MAP, une nouvelle classe dans les maladies héréditaires qui prédisposent au cancer colorectal

Dr Sylviane OLSCHWANG, Institut Paoli-Calmettes, INSERM 599, Marseille, Pour le conseil scientifique de l’association HNPCC-France – olschwangs@marseille.fnclcc.fr
La polypose adénomateuse familiale, FAP est une maladie connue depuis longtemps, qui se caractérise par le développement de plusieurs centaines, voire plusieurs milliers de polypes adénomateux sur le colon et le rectum. Les premiers polypes apparaissent généralement autour de la puberté, plutôt dans le colon gauche et sigmoïde. La polypose s’étend ensuite, si bien qu’il est habituellement proposé une intervention chirurgicale à laquelle ne peut se substituer une surveillance endoscopique au long cours, la colectomie seule permettant de supprimer le risque de dégénérescence lorsque la polypose est diffuse. La transmission de cette maladie est autosomique dominante, due à la présence d’une mutation constitutionnelle dans le gène appelé APC (identifié en 1991), qui peut se situer n’importe où sur le gène. L’expression principale d’une telle mutation, à savoir le développement des polypes adénomateux colorectaux, est complète à 40 ans. Cette mutation prédispose, en outre, au développement de polypes dans l’estomac : la polypose fundique glandulokystique, sans risque de dégénérescence, et dans le duodenum, dont la surveillance endoscopique est importante. D’autres manifestations peuvent être décelées, caractéristiques du gène APC, qui sont l’hyperpigmentation de la rétine, CHRPE, et des énostoses, condensations sur les os de la tête sans conséquence pathologique. Plus rarement, il existe un risque de tumeur desmoïde ou d’autres tissus, sans que ces risques néanmoins justifient un dépistage spécifique.
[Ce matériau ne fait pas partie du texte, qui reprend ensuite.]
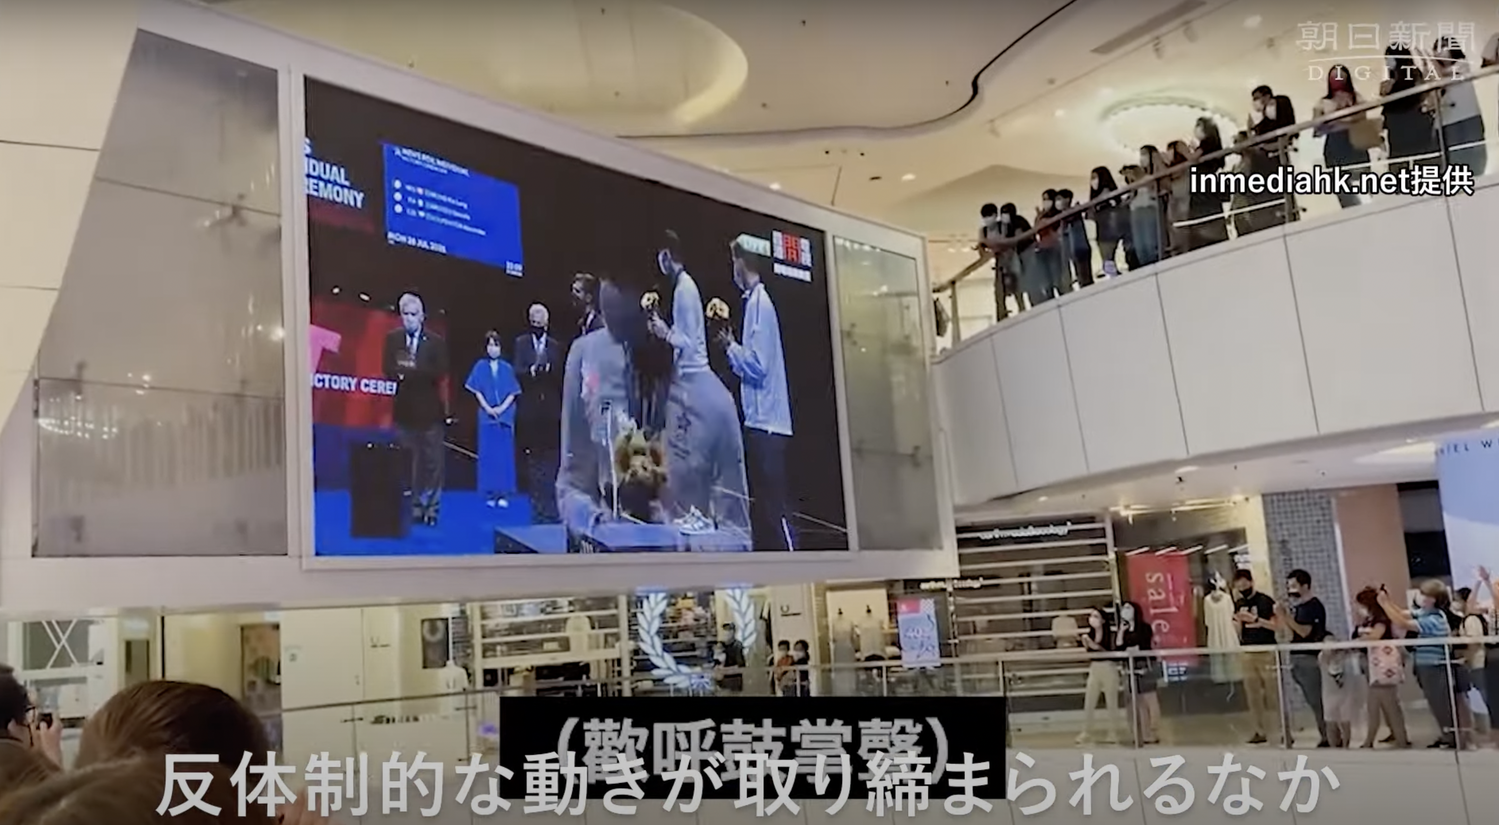 Hong Kong crowd boos China national anthem olympic medal ceremony mall

En dehors de cette forme « classique » de polypose adénomateuse rare, il existe une polypose « atténuée » appelée AAPC lorsque elle se limite à la polypose digestive, et plus généralement AFAP, lorsqu’il existe également des manifestations extra-digestives. Cette forme atténuée se caractérise par le développement de polypes adénomateux dénombrables par endoscopie, à un âge plus tardif et plutôt dans le colon droit, qui nécessite rarement le recours à une intervention chirurgicale radicale. Cette forme « atténuée » est due parfois à des mutations du gène APC, situées à des endroits bien particuliers du gène, appelés exons 3, 4 et 9. C’est la forme AAPC, identifiée en 1993. La forme AFAP non exclusivement digestive est due à des mutations à l’autre extrémité du gène APC et a été découverte plus récemment. La présence de manifestations extra-digestives chez une personne ayant une polypose signifie que le gène APC en est à l’origine.
La présence d’une polypose adénomateuse digestive isolée, AAPC, chez une personne adulte signifie que le gène APC peut être responsable, mais pas toujours.
La forme AAPC peut être également (beaucoup plus fréquemment) causée par des mutations d’autres gènes, en particulier MYH, découvert en 2002.
Cette polypose, appelée MAP, est donc une nouvelle catégorie des polyposes adénomateuses « atténuées ». Il apparaît, dans cette polypose MAP, que le risque d’évolution des adénomes colorectaux, même peu nombreux, soit comparable au syndrome HNPCC, et c’est la raison pour laquelle, actuellement, les recommandations de dépistage par coloscopie sont identiques. Le risque de développement de polypes adénomateux dans le duodenum rejoint par contre celui de la polypose adénomateuse « classique », et il est donc proposé d’adjoindre au dépistage par coloscopie, un examen endoscopique de la partie haute du tube digestif, au même rythme. En revanche, il ne semble pas exister de manifestation extra-digestive.
La polypose AAPC, en particulier la polypose MAP, est donc une maladie hybride entre la polypose adénomateuse « classique » et le syndrome HNPCC, mais bien distincte, que les caractéristiques cliniques et biologiques permettent de reconnaître et qui peut aujourd’hui bénéficier d’une prise en charge spécifique.